I parapetti in muratura che delimitano i singoli Loft divengono, oltre che elementi di confine, anche quinta scenica per il vialetto di accesso da via Trieste. Quest’ultimo è stato studiato per essere l’unica parte comune del progetto e funge da filtro tra la strada principale e gli ingressi secondari ai singoli Loft. La distribuzione dei garage, dei cancelli carrabili e di quelli pedonali articola la vista dall’accesso principale e ne salvaguarda il carattere introverso e minimale del progetto. La semplicità viene perseguita anche nella scelta dei materiali che in parte vengono recuperati dagli stessi interventi di demolizione, come i mattoni faccia vista utilizzati in alcune pareti interne, le travi e le tavelle in laterizio che scandiscono la copertura dei Loft più ampi, ma anche nelle finiture esterne, caratterizzati da intonaci neutri e coperture con profili a filo e grondaie interne. La scelta di linearità e pulizia dei materiali viene sostenuta da una ricerca approfondita in campo energetico  in grado di fornire, a dispetto di un’immagine di estrema semplicità dell’involucro, il massimo comfort possibile».
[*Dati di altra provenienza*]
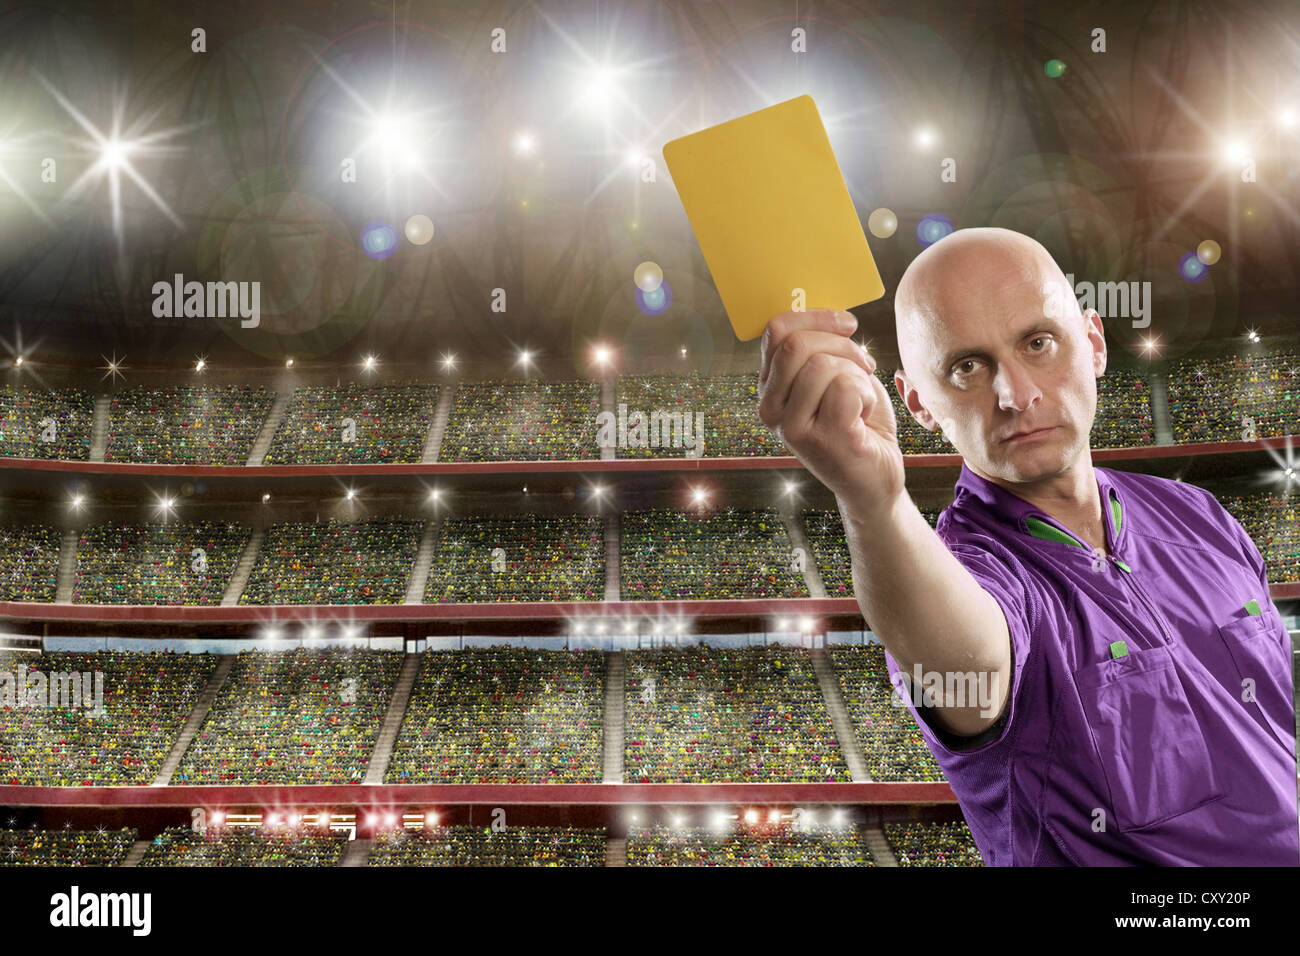 Referee holding a yellow card Stock Photo

«Crediamo che per le modalità di attuazione dello stesso progetto, reso possibile grazie al lavoro corale dei diversi attori interessati, la tipologia a loft e la localizzazione – concludono i professionisti dello studio di architettura ravennate – questo intervento possa fungere da precursore per diversi interventi in ambito industriale e portuale in grado di riscoprire un ulteriore valore del nostro patrimonio in disuso».